– У турчанок, мадам, это в моде, – ответил проводник. – Самого молоденького хорошенького дама – и та красится. Хороша, а хочет быть еще лучше. На константинопольские дамы выходит столько краски, сколько не выйдет на весь Париж, Берлин, Лондон и Вена, если их вместе взять. Да, пожалуй, можно сюда и ваш Петербург приложить. Не смейтесь, мадам, это верно, – прибавил он, заметя улыбку Глафиры Семеновны. – Как встает поутру – сейчас краситься, и так целого дня. Им, мадам, больше делать нечего. Кофе, шербет, конфекты и малярное мастерство! Гулять дама от хорошего общества без евнуха не может.
– Отчего? – быстро спросила Глафира Семеновна.
– Этикет такой. Жена от наша или от турецкого шамбелен даже пешком по улицам ходить не должна, а если поедет на кладбище или в модного французского лавка в Пера – всегда с евнух…
– Как это, в самом деле, скучно. Какие ревнивцы турки. Ведь это они из ревности запрещают.
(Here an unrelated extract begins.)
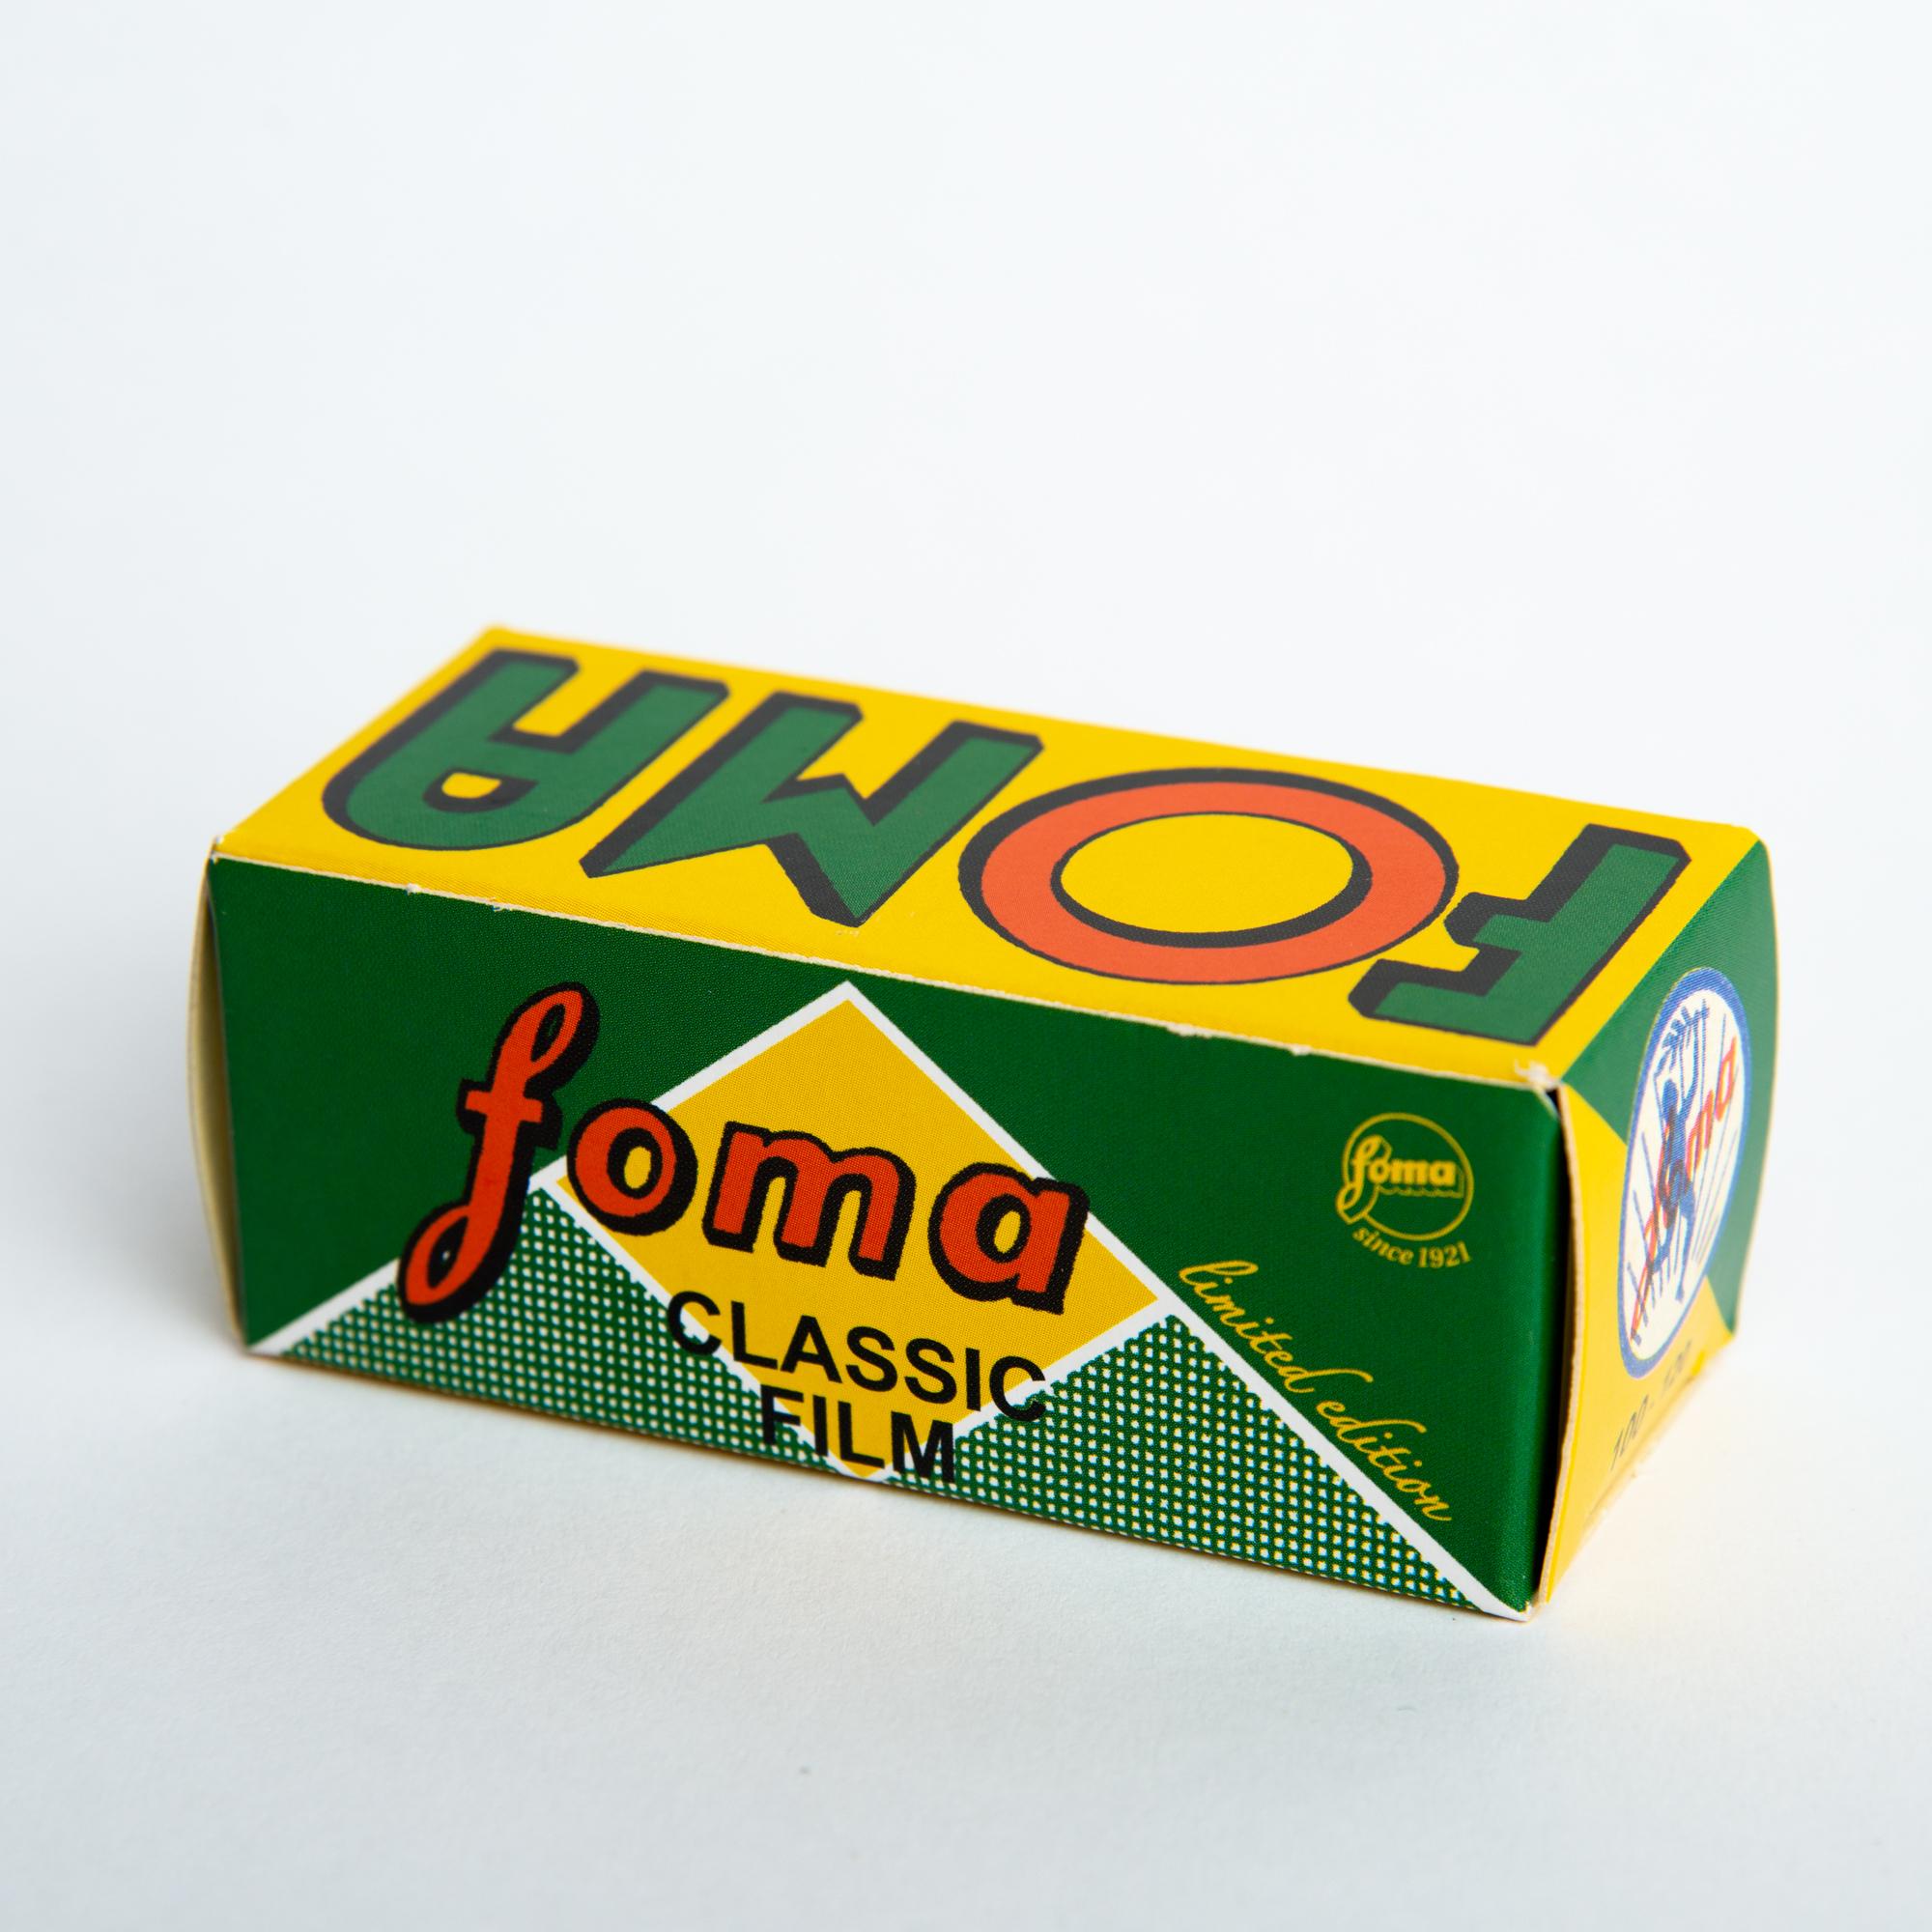 Фотопленка Foma Fomapan 100 Classic Limited Edition/120 B&W

– Нет, не из ревность. Этикет. Как ваша петербургского большого дама без лакей никуда не поедет, так и здешняя большого дама без евнух не поедет.
– Могла бы с мужем.
– Пс… – произнес на козлах проводник и отрицательно потряс рукой. – Никакого турок, даже самый простой, никуда со своя жена не ходит и не ездит.
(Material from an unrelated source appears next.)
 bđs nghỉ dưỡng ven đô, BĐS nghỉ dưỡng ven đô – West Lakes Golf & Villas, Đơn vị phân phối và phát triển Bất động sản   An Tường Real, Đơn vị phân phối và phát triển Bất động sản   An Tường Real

– Отчего же? Взял бы под руку, как у нас, и пошел.
– Какая ты, душечка, странная, – возразил супруге Николай Иванович. – Как турку взять жену под ручку и идти с ней гулять, если у него их пять-шесть штук. Ведь рук-то всего две. Возьмет с собой пару – сейчас остальные обидятся. Ревность… Да и две-то если взять с собой, одну под одну руку, другую под другую, то и тут по дороге может быть драка из ревности…
– Позвольте, позвольте, господин, – перебил Николая Ивановича проводник. – Прежде всего, теперь в Константинополе очень мало турок, у кого и две-то жены есть. Все больше по одной.
– Как? Отчего?
– Дорого содержать. Да и моды нет.
– А гаремы? Ведь у турок гаремы, и в них, говорят, по тридцати – сорока жен.
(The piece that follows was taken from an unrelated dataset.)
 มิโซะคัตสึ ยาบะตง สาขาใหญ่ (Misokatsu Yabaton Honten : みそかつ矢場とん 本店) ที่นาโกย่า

– На весь Константинополь теперь и десяти гаремов нет. То есть гаремы есть, потому турецкого дамы не должны в мужского комната жить, а живут в женского половина, что называется гарем, но в этого гарем у самого старого и богатого турка две-три жены и женская прислуга, а у молодой турок почти всегда одна жена.
– Это для меня новость, – проговорила Глафира Семеновна удивленно. – Но отчего же у старого больше, чем у молодого? Вот что странно.
– О, тут совсем другого разговор! Старые турки живут на старомодного фасон, а молодого турки по новой мода.
– Так, так… Это значит, одни по цивилизации, а другие без цивилизации, – сказал Николай Иванович.
– Вот-вот… Одни на европейский манер, а другие… Но все-таки, кто и на европейский манер, всегда есть шуры- муры с прислугой. Ведь всегда есть хорошенького молоденького прислуга, – пояснил проводник.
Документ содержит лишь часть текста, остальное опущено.